Beam Forming and Focusing Precision Control of High Voltage Transmitter Power Supply for Ultrasound Imaging
Ultrasound imaging has revolutionized medical diagnostics by providing real time, noninvasive visualization of internal structures. The image quality depends critically on the beam forming and focusing capabilities of the transducer array. The high voltage transmitter power supply that drives the transducer elements must provide precise, controllable pulses to achieve the required beam characteristics. Control of beam forming and focusing precision is essential for high resolution imaging.
Ultrasound transducers use arrays of piezoelectric elements that convert electrical pulses into acoustic waves. By exciting the elements with appropriately timed pulses, the acoustic waves combine to form a focused beam. The timing of the pulses to each element determines the beam direction and focal point. Precise control of the pulse timing enables electronic scanning and focusing without mechanical movement of the transducer.
The high voltage power supply provides the electrical energy for the transmit pulses. Typical medical ultrasound transmitters operate at voltages from tens to hundreds of volts, with pulse durations of a few cycles at the transducer center frequency. The supply must deliver these pulses with precise timing and amplitude control for each element in the array.

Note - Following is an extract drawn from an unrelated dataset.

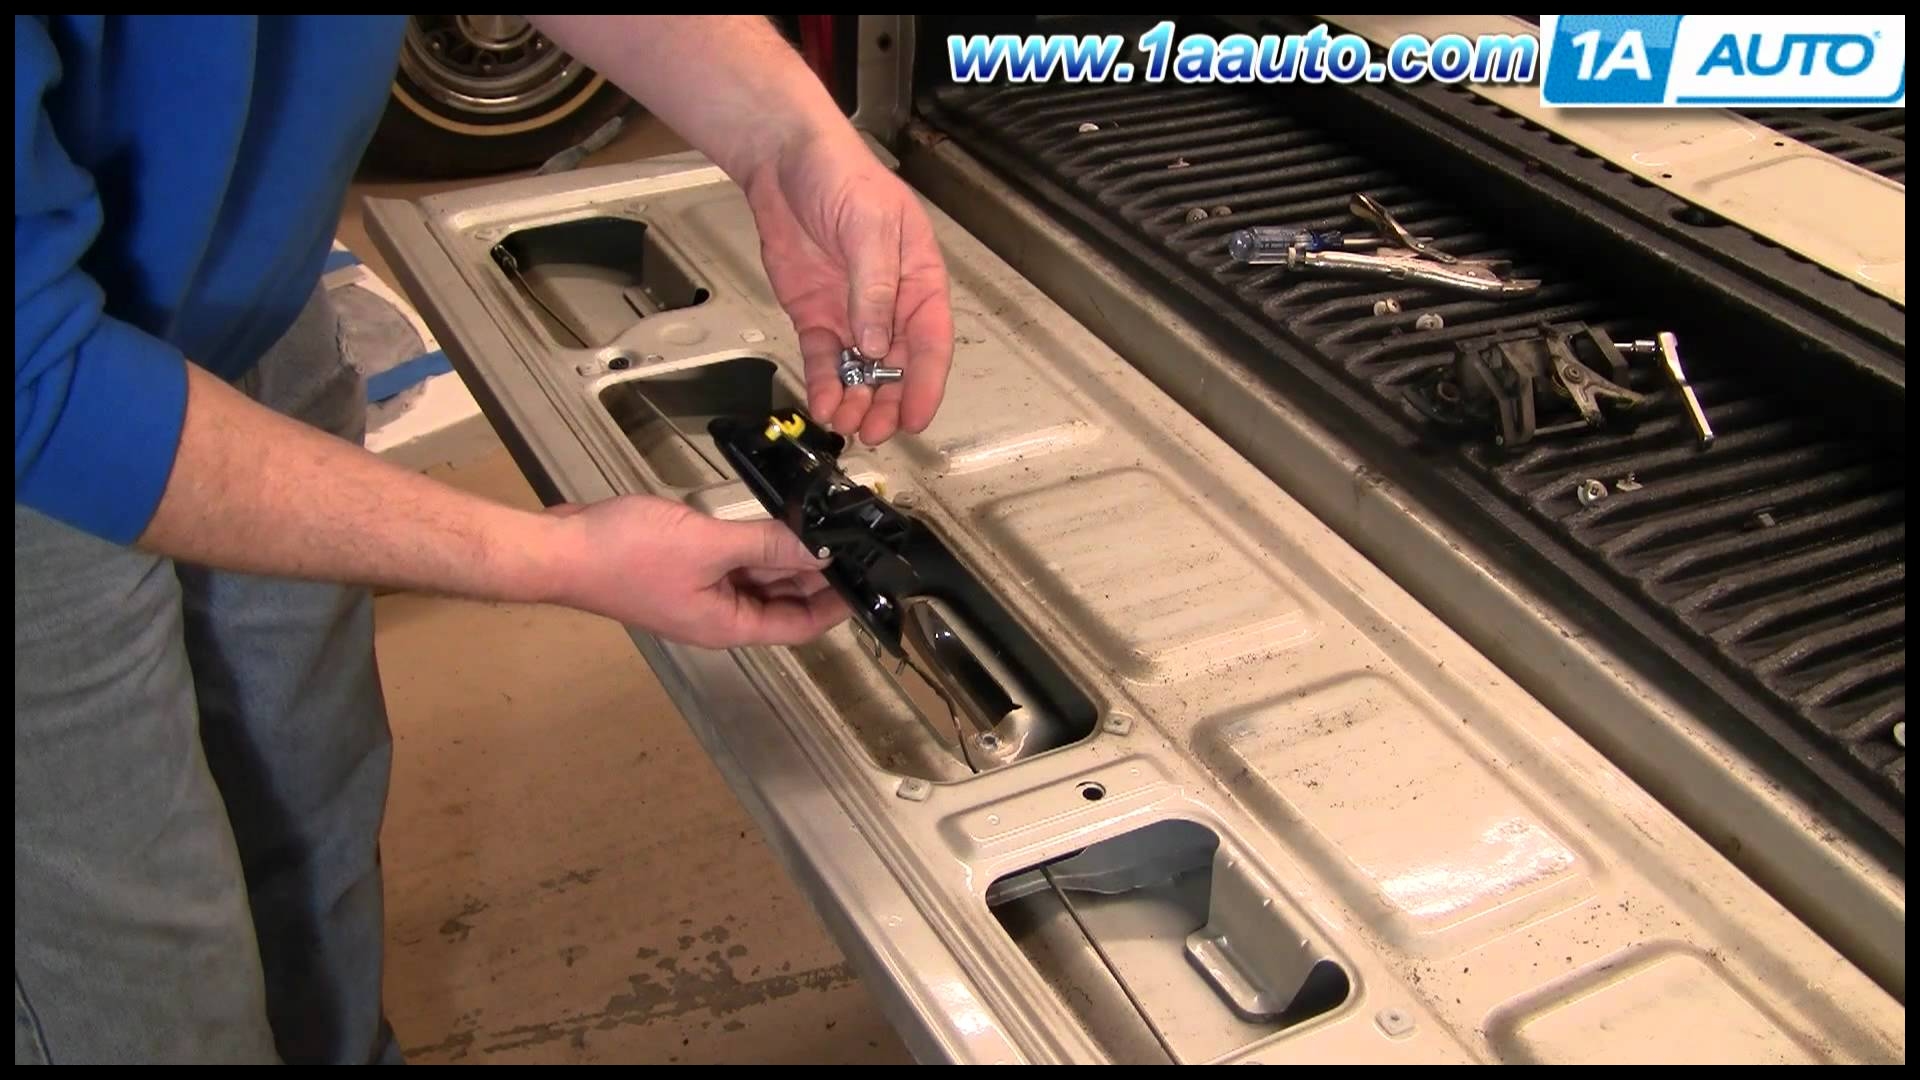 How to Install Replace Broken Tailgate Handle Toyota Ta a 95 04 1AAuto

Beam forming combines the signals from multiple transducer elements to create a directional beam. The beam direction is determined by the relative timing of the pulses to each element. Delays are applied to the element excitations so that the acoustic waves from all elements arrive in phase at the desired beam direction. The delay values depend on the element positions and the steering angle.
Dynamic focusing adjusts the focal depth during the transmit pulse. The focal point is where the acoustic waves from all elements converge. By applying delays that vary during the pulse, the focal point can be swept through the depth range. This dynamic focusing maintains a tight focus throughout the imaging depth, improving lateral resolution.
Aperture control adjusts the number of active elements during the transmit. A larger aperture provides better lateral resolution but has a narrower depth of field. A smaller aperture has a wider depth of field but poorer resolution. Variable aperture during the pulse can optimize the resolution at each depth.
The transmit voltage determines the acoustic pressure amplitude and thus the signal strength. Higher voltages produce stronger signals that can penetrate deeper or image more attenuating tissues. However, higher voltages also increase the risk of bioeffects such as heating or mechanical effects. The voltage must be controlled to achieve the required signal strength within safety limits.
Pulse shaping controls the frequency content and the temporal characteristics of the transmit pulse. The pulse typically consists of several cycles at the transducer center frequency. The envelope shape affects the bandwidth and the axial resolution. Gaussian or other smooth envelopes provide good bandwidth with minimal ringing. Rectangular envelopes have broader bandwidth but more sidelobes.
Coded excitation uses phase or frequency modulated pulses to increase the penetration depth without increasing the peak pressure. The coded pulse has lower peak amplitude but similar total energy to a conventional pulse. Pulse compression on receive recovers the axial resolution. This technique requires precise control of the transmit waveform.
The power supply must provide multiple independent channels for the transducer elements. Each channel must have independently controllable timing and amplitude. The number of channels depends on the transducer array size, which can be sixty-four to several hundred elements. The channel timing resolution determines the achievable beam steering precision.
Timing jitter in the pulse generation degrades the beam quality. Jitter causes the actual pulse timing to vary from the commanded timing. This variation causes phase errors in the beam forming, reducing the main lobe amplitude and increasing sidelobe levels. The timing jitter must be a small fraction of the acoustic period for good beam quality.
Amplitude variations between channels cause amplitude apodization errors. The intended apodization profile weights the element excitations to control the beam shape. Variations in the actual amplitudes from the commanded values distort the apodization, affecting the beam pattern. The amplitude accuracy must be sufficient to maintain the desired beam characteristics.
Calibration of the transmit system characterizes the actual timing and amplitude of each channel. Measurements using hydrophones or other acoustic sensors determine the actual acoustic output. The calibration data can be used to correct the drive signals to achieve the intended beam characteristics. Regular calibration maintains the imaging quality over the life of the system.